Go to all the meetings your HR department gives and asks lots of questions. They may be able to point you to a website that would allow you to enter your intormation and compare prices (kinda like financial aid calculator). The HSA is funded with your pre-tax dollars and will continue into the next year if you haven’t spent it. The limit for funding the HSA is something like $5,000 - 6,0000.

The biggest thing about the HSA is you are paying everything until the deductible is met for your family $3000. There is no 'inidividual" deductible if you have family coverage since it doesn’t matter what family member is getting the charges. The deductible is one single pot for your family.

The biggest thing in our plan is that we pay for all prescriptions out of pocket until the deductibleis met. Then once the decuctible is met we have a prescription plan that has a copay 20/40/60 for a 90 day supply. The amount we pay for the prescriptions counts towards the deductible. We have a couple of expensive prescriptions which always takes us to $3,000 at some point.

Once you meet the out of pocket limit, then you are paying Nothing for medical and we still have co-pay for prescriptions.

Since you know your prescriptions are a big expense be sure that you find out how these will work with your new plans.

Good luck.

Thanks Python20. Very helpful. Unfortunately the meeting at our site happened before we received the information about the changes to our health plan. Got to love that planning.

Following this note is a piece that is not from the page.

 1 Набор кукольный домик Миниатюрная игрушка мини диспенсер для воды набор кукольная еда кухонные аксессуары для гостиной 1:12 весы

I would check on the way they handle health flex accounts vs HSA. The way my husbands company works it is if you have a health flex account you can get reimbursed before you have had it taken out of your pay check. So we usually have used up our amount by July. With the HSA the money has to be in the account first. So if we were to have a large expense in January we would need to wait to have that money trickle in from his paycheck deductions. “Supposedly” this would only occur the first year you have a HSA if you have money left over from the previous year. For us it becomes a cash flow issue.

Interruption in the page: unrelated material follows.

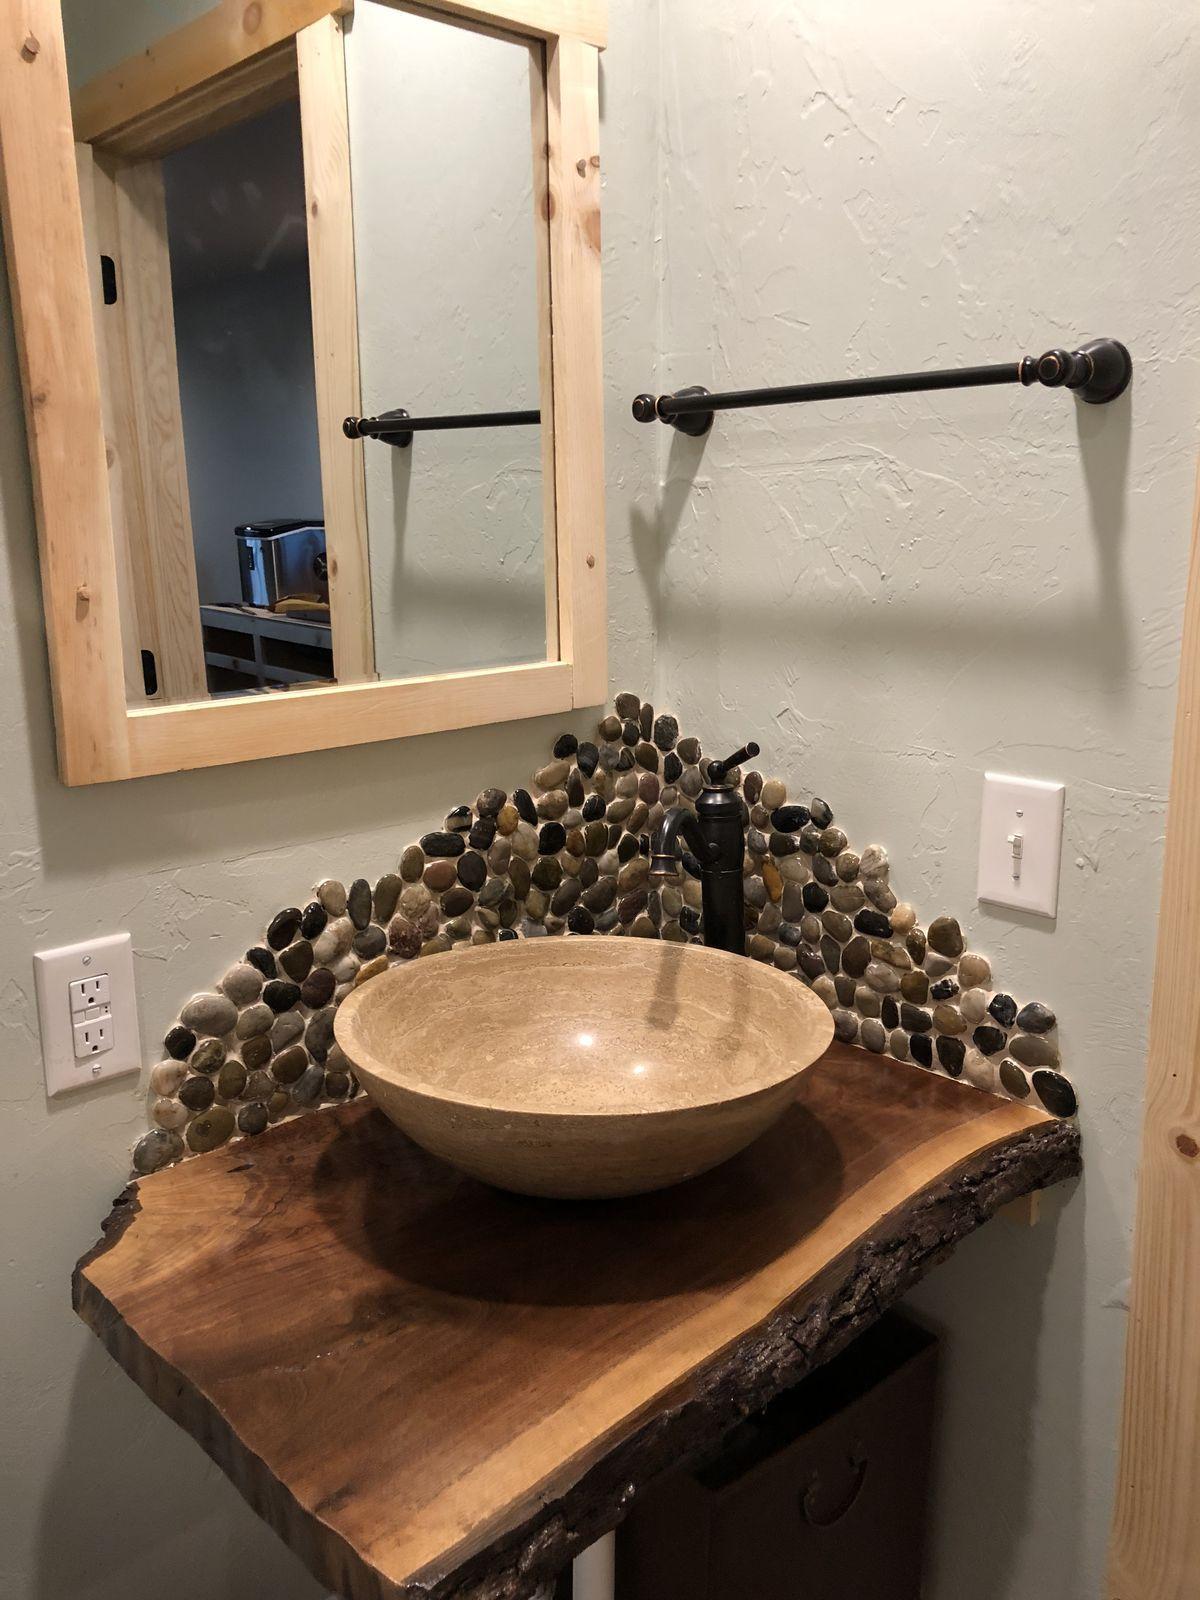 C8292a23dcebc0db3a5353adb404fc08 Jpg 1 200 1 600 Pixels Stone Backsplash Bathroom Bathroom Backsplash Rock Backsplash

At one point we had some expensive prescriptions (though not nearly as expensive as yours) and found that the HSA with a $4,000 family deductible was a LOT cheaper than the drug copays. I realize that varies tremendously drug-by-drug, so I would find out specifically how each of the available plans handles the expensive drug, and then figure out what your bottom line cost would be.

For us, the annual premium + $4,000 deductible was << the (higher) annual premium for the PPO + copays for drug/doctors + deductible. But, it took some calculation to figure that out.

Check with your plan regarding the $12000/year medicine. Our HSA plan exempts “maintenance drugs” from the deductible.